| РЕМУС ЛЮПИН
 robin migné // источник полукровка, ликантроп • деятельность на ваш выбор (НИИЧАВО, может быть?) • новая волна
• looks like a cinnamon roll but could actually kill you; • план говно, я отказываюсь в нем участвовать, я брезгую; • а что подумал кролик, никто не узнал, потому что он был очень воспитанный; • одна клетка мозга на двоих, и та у ремуса;
Самоконтроль как смысл жизни, рациональность как осознанный выбор: Ремус до — вряд ли хоть чем-то отличается от сверстников, Ремус после — любой эмоции опасается как огня и предпочитает оставаться наблюдателем. Психотерапия как таковая в магическом мире непопулярна; критиковать его стратегию некому: вместо того, чтобы чувствовать, он анализирует и делает выводы. Остается там, где можно смотреть со стороны и не принимать участие.
Из троих друзей он явно предпочитает Джеймса: в нем — все то, чего Ремусу так не хватает, включая любовь и умение собирать вокруг себя других. Десять процентов необходимой социализации получает сам, остальные девяносто достаются через Поттера, как через надежный (безопасный) проводник энергии и, по совместительству, буфер: между Ремусом и окружающим миром, полным хрупких вещей, которым он отчаянно боится навредить.

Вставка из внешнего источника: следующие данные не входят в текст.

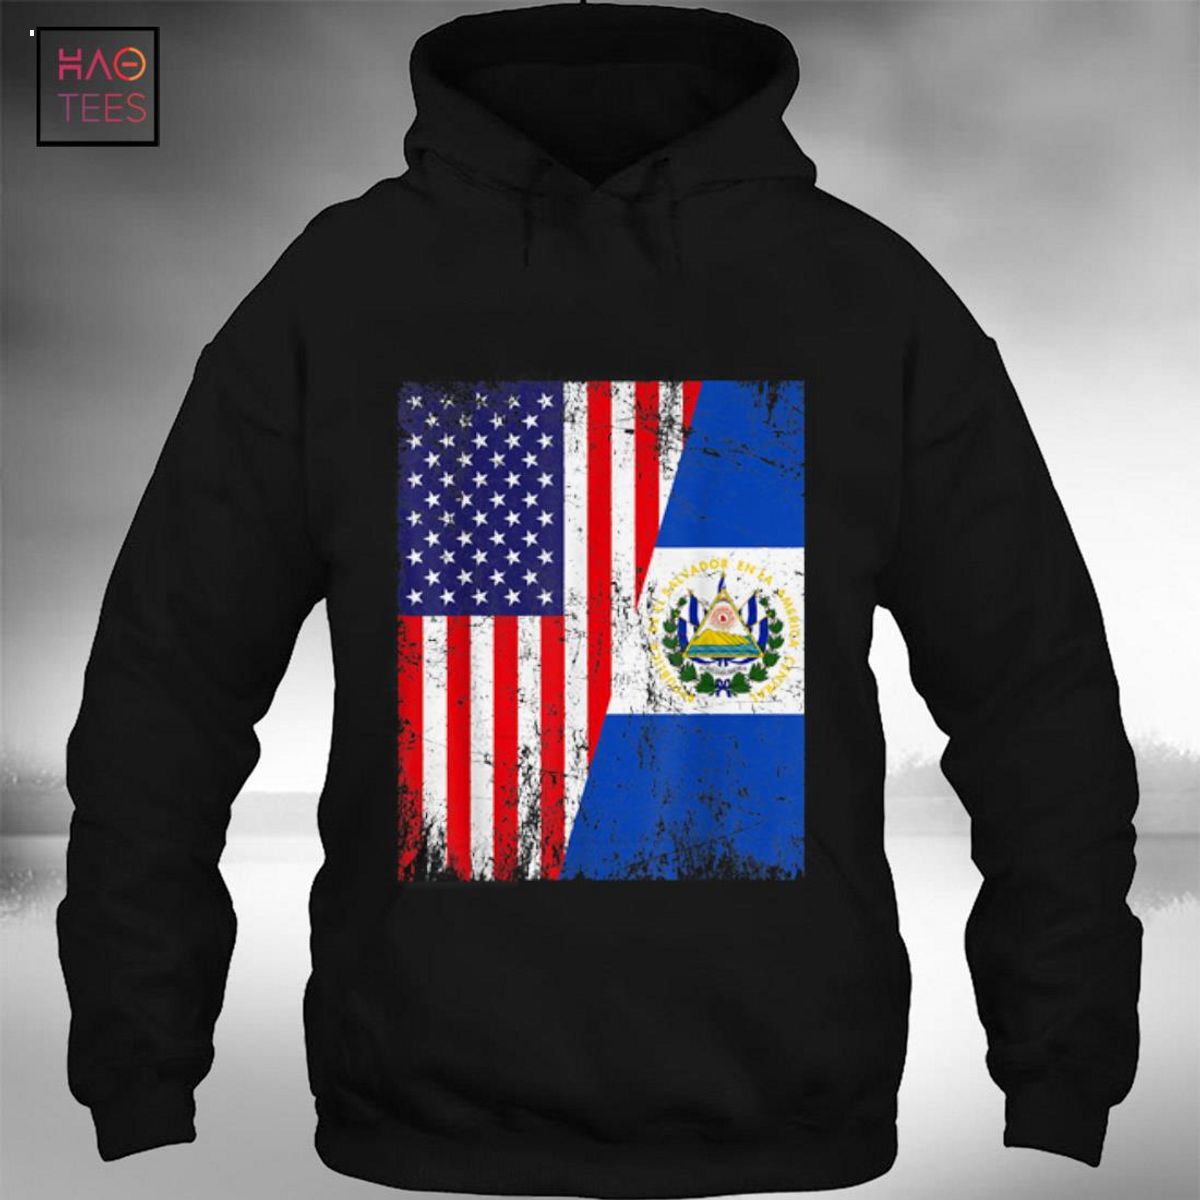 Distressed American Flag & El Salvador Flag Patriotic Shirt

В тихом омуте, по традиции, водятся все разновидности чертей. Вытаскивать их оттуда — слишком страшно; Ремус предпочитает утрамбовывать поглубже и расставлять на берегу предупреждающие таблички. Когда Блэк опять начинает баламутить воду, со дна поднимается черная грязь. (все то, из чего, как люпин привык думать, он на самом деле состоит целиком)
Чужая агрессия — то, что Ремус не может ни понять, ни простить. Легкость, с которой Сириус проецирует на остальных дурное настроение, каждый раз вводит его в ступор. Он привык запрещать себе. Одергивать. Препарировать: прежде чем желание вспыхнуть и вцепиться кому-нибудь в глотку станет сильнее всех остальных. Блэк не запрещает себе вообще ничего. Нет ничего удивительного в том, что эта разница встает между ними стеной.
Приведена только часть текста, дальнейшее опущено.